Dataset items
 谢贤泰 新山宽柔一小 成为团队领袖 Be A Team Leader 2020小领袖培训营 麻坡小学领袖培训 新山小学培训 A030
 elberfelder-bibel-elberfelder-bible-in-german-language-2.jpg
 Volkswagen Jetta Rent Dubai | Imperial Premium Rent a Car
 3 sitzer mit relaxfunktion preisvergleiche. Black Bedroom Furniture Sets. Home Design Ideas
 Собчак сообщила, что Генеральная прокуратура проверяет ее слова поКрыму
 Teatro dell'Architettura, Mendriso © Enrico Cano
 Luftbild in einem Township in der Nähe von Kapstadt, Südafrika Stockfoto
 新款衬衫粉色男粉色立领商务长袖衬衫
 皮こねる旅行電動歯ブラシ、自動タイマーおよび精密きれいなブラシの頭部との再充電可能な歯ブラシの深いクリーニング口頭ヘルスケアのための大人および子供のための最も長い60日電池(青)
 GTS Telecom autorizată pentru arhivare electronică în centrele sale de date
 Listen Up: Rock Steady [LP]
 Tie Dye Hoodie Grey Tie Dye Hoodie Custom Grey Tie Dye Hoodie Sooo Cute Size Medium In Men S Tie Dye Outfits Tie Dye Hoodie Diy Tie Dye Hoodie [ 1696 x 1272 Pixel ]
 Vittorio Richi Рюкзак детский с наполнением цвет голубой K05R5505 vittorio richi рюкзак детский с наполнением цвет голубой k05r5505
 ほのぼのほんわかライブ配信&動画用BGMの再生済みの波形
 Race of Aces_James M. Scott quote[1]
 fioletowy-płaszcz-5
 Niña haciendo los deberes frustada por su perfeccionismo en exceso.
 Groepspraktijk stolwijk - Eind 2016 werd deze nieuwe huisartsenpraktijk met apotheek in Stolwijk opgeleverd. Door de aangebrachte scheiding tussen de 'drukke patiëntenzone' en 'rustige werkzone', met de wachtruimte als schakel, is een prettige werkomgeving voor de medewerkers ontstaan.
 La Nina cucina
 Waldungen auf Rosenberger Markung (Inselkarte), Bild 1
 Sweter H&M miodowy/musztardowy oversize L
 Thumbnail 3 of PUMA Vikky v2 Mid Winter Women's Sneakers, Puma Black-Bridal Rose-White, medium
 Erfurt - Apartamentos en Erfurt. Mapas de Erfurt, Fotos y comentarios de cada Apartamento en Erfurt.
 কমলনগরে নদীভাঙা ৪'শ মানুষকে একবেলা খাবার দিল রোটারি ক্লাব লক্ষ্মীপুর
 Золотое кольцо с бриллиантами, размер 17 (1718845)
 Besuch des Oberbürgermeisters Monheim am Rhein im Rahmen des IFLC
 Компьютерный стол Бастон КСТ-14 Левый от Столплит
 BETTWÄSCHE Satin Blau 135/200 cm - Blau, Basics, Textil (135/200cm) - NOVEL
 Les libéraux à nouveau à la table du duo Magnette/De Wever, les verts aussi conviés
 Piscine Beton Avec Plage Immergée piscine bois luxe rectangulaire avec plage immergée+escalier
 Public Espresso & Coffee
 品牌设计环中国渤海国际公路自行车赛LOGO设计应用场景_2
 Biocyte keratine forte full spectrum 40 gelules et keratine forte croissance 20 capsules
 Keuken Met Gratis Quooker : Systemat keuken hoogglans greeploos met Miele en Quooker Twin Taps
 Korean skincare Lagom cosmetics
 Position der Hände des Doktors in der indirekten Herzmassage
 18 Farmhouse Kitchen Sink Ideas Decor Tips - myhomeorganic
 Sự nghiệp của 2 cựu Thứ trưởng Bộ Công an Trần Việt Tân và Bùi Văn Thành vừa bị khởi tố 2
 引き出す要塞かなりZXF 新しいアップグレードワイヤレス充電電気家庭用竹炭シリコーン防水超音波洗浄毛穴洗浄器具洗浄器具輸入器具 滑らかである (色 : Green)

### What needs to be done
From the data, pick out every line that includes "Ideas".

### Answer below
 3 sitzer mit relaxfunktion preisvergleiche. Black Bedroom Furniture Sets. Home Design Ideas
 18 Farmhouse Kitchen Sink Ideas Decor Tips - myhomeorganic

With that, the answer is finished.